Speeding up source downloads

Pip's default configuration is to download a new copy of the source evertime it needs to be built. Excluding the compilation of binary packages (such as PIL) this is the most time consuming portion of building a new virtualenv.

So how to avoid it? Thankfully pip provides a solution. You can specifiy a directory to be used to store a cache of downloaded sources.

Create a file at:

~/.pip/pip.conf

The contents should be something like:

[global]
download-cache=/path/to/your/download-cache

You can use any location for your cache. I personally like nesting it under my
.pip directory:

download-cache=~/.pip/download-cache

Speeding up binary compilation

So now you're only downloading the source distributions for each package version once and reusing it each time you need it.

That's much better. Still everytime you build a virtualenv you will need to spend time rebuilding packages such as PIL, psycopg2, and mysqldb that have binary components, and don't change very often.
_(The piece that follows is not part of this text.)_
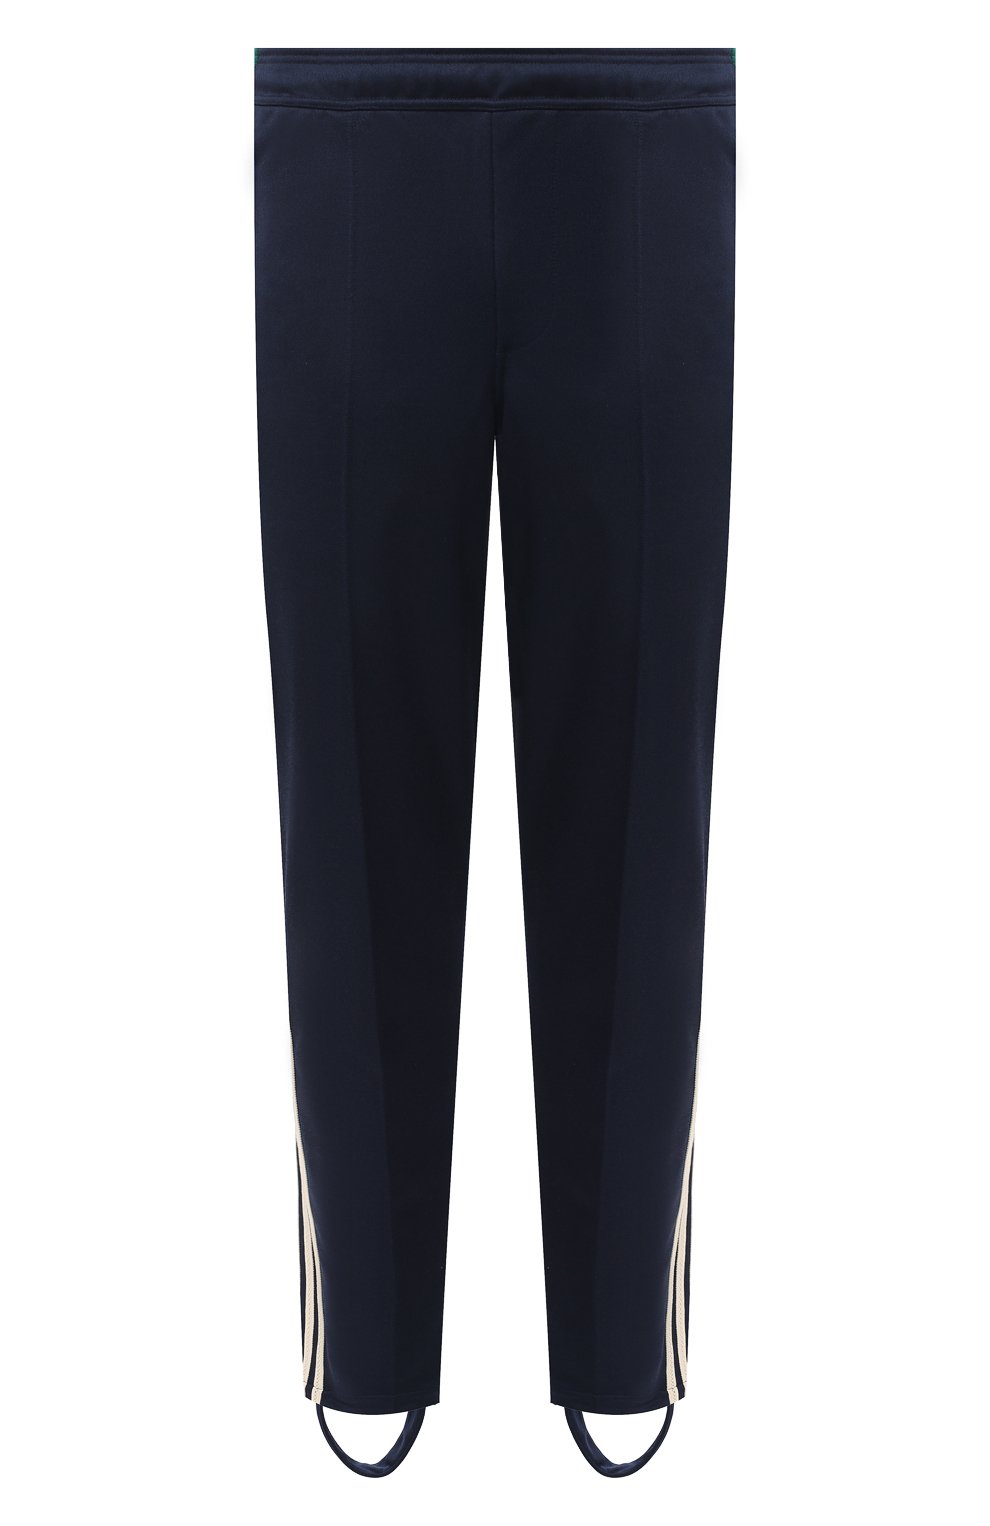 Мужские синие брюки adidas originals x wales bonner ADIDAS ORIGINALS купитьв интернет-магазине ЦУМ, арт. GL5188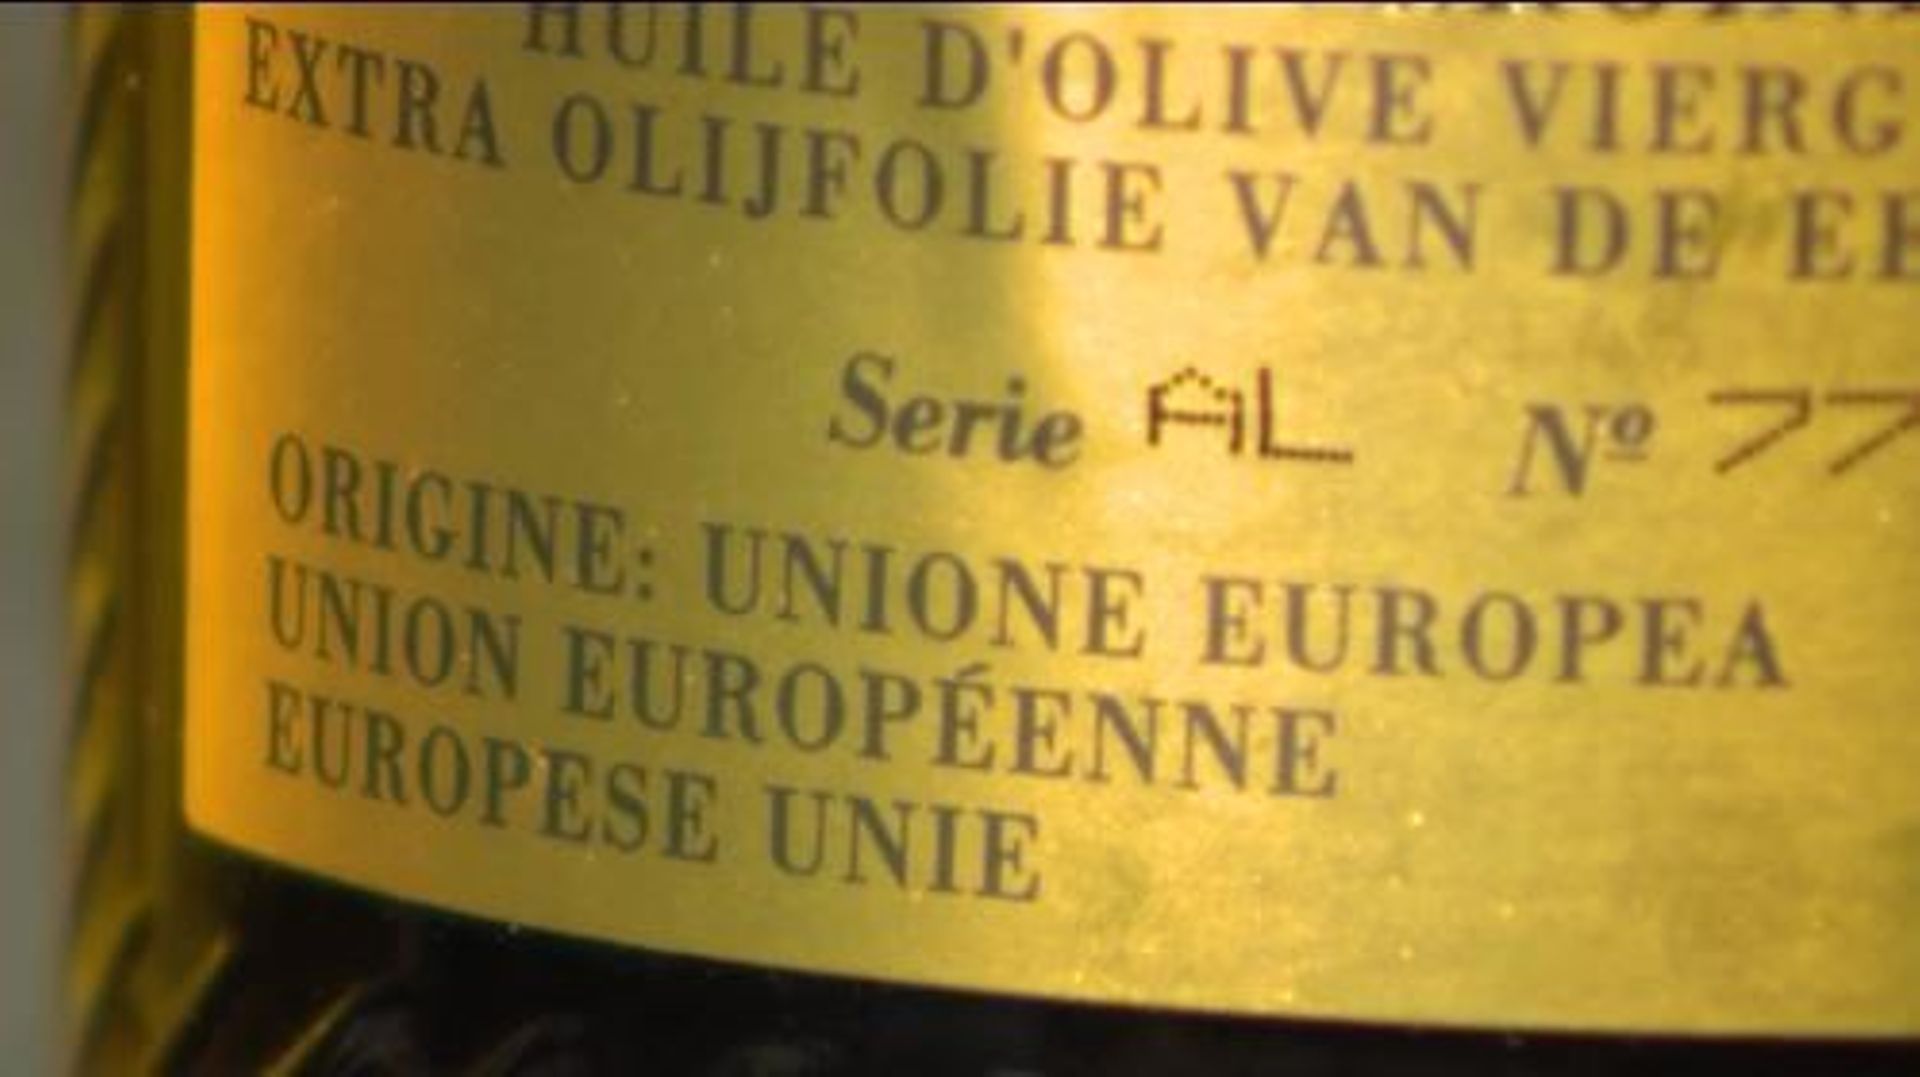 Origine de l'huile d'olive Carapelli : Union européenne

Pip doesn't provide a great built in solution to this problem. However, pip-accel does a great job of managing this issue. Simply put it provides a thin wrapper around pip commands that manages the caching of the binary output of your builds resulting in massive speedups to your deployment process

Build one virtualenv for each requirements iteration

At this point, we had already improved our build time with pip and virtualenv by 80% or so. However, that still wasn't good enough for us. We we're still building a new virtualenv for every test suite run on CI and every new deployment build, whether or not the requirements have changed!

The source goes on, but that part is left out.